Ni un grand désert, ni une grande savane, l'Ethiopie...













mercredi 7 décembre 2011

Mums for Mums



Mums for Mums


Mums for Mums est une ONG éthiopienne dont le siège est à Mekelle. Elle a été créée et reste entièrement administrée par des Ethiopiens, même si les fonds ne sont pas locaux et sont, entre autres, issus de la Commission Européenne.

Counsellors
Mums for Mums a pour but de sortir les mères isolées de la dépendance et de la misère. Une jeune mère seule, non mariée, a en effet ici peu de chances de s'en sortir sans l'aide de sa famille, qui ne peut pas toujours subvenir à ses besoins, ou ne le veut pas nécessairement, surtout si elle a eu un enfant hors-mariage.

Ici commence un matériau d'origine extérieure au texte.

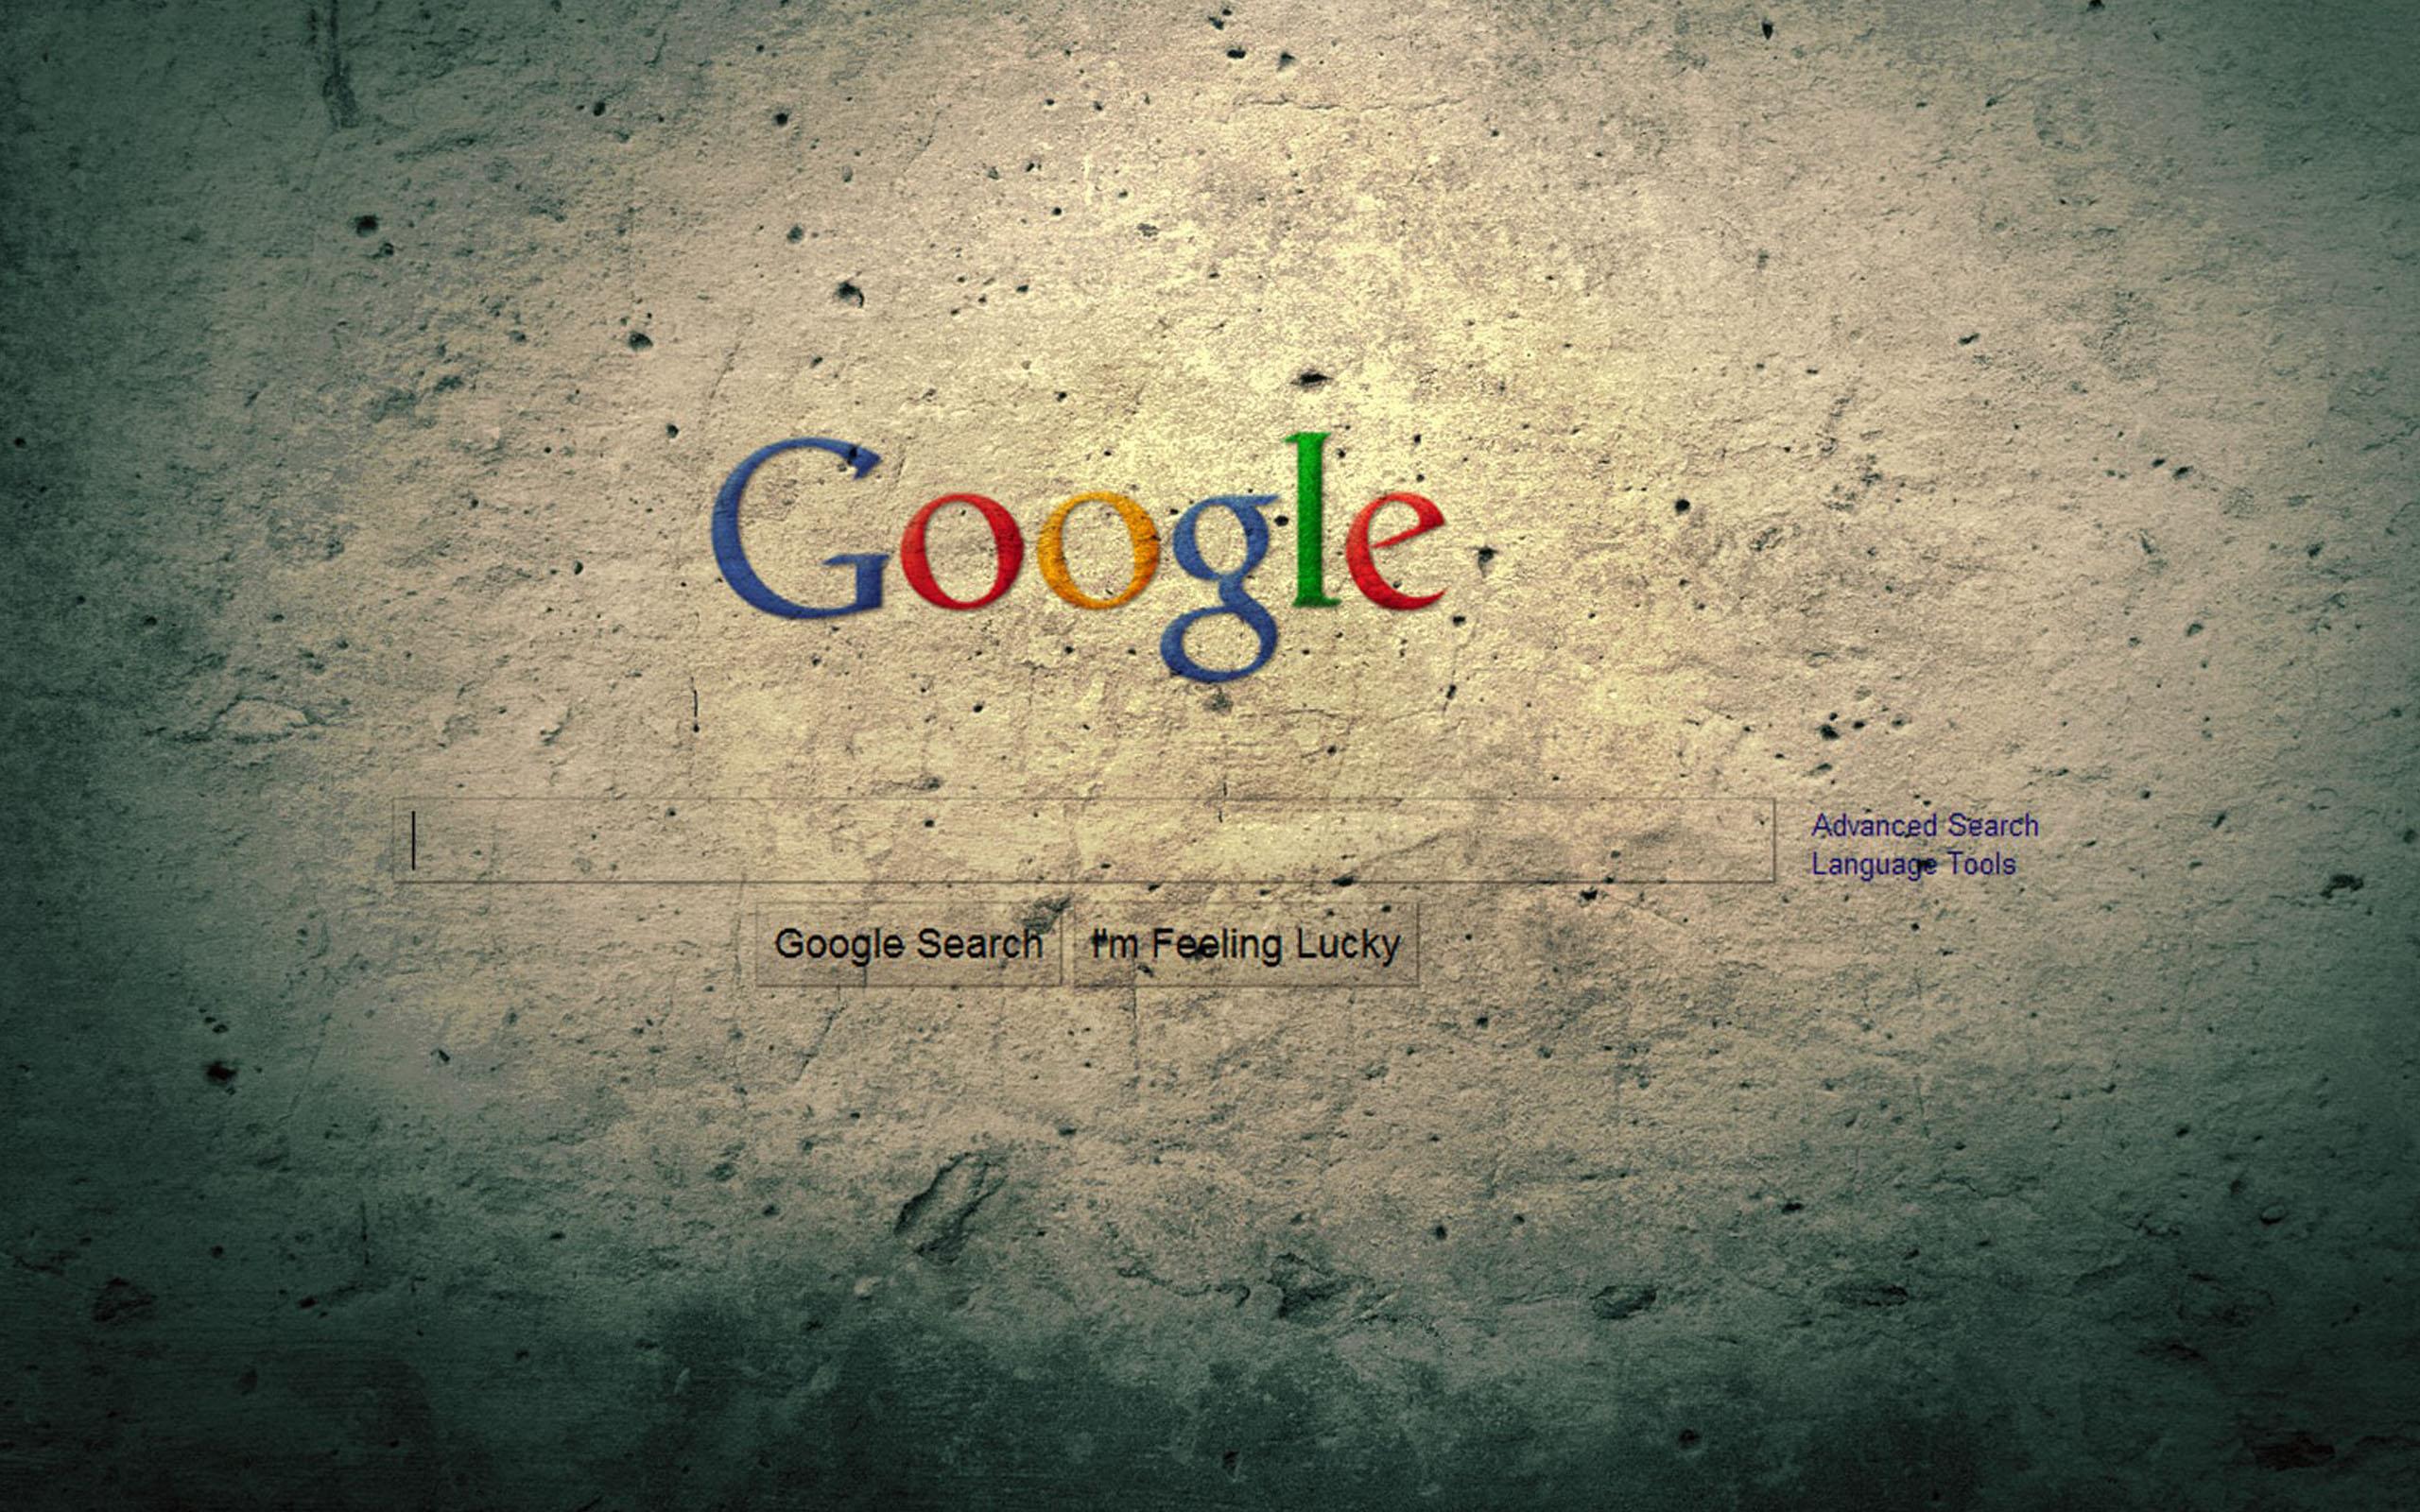 cool google hd image

Peu éduquées - elles ont souvent arrêté l'école, quand elles y ont été, beaucoup trop tôt pour trouver un emploi, surtout avec un enfant qu'aucune structure ne peut prendre en charge -, elles en arrivent trop souvent à mendier.

A Mekelle notamment, mais aussi à Dire Dawa et Harar, il n'est pas rare de voir des mères seules, ayant vieilli trop vite, mendier avec leur(s) enfant(s) sous le bras.


L'idée de Wzo Tebereh Woldegabriel, la fondatrice de Mums for Mums, a donc été de créer une structure où ces femmes pourraient confier leurs enfants à une crèche afin d'avoir accès à une formation pratique (couture, cuisine, tissage, etc.) leur permettant à la fois de subvenir à leurs besoins et de monnayer une compétence sur le marché du travail.

Ces femmes devant impérativement être, avec très peu de capitaux, opérationnelles très rapidement, on leur dispense des formations leur permettant également de survivre, voire de commercer, avec rien : on leur apprend à cuisiner confitures et plats avec les matières premières gratuitement à disposition autour d'elles : cactus, plantes, fruits et légumes sauvages, etc.

Peu à peu, Mums for Mums a diversifié ses compétences, et ils accueillent également des personnes âgées isolées durant la journée, organisent des journées de dépistage de la cataracte, des journées de prévention contre le SIDA, des ateliers sur la nutrition, etc, etc...

Discrète, cette ONG a pourtant ouvert des annexes à Axoum, à Adwa et bientôt à Bahar Dar.
A Axoum, leurs missions semblaient plus floue, ils ne disposaient pas d'un grand centre, comme à Mekelle, permettant l'accueil des jeunes mères. Un petit bureau semblait uniquement servir de support technique et juridique à d'autres associations très diverses.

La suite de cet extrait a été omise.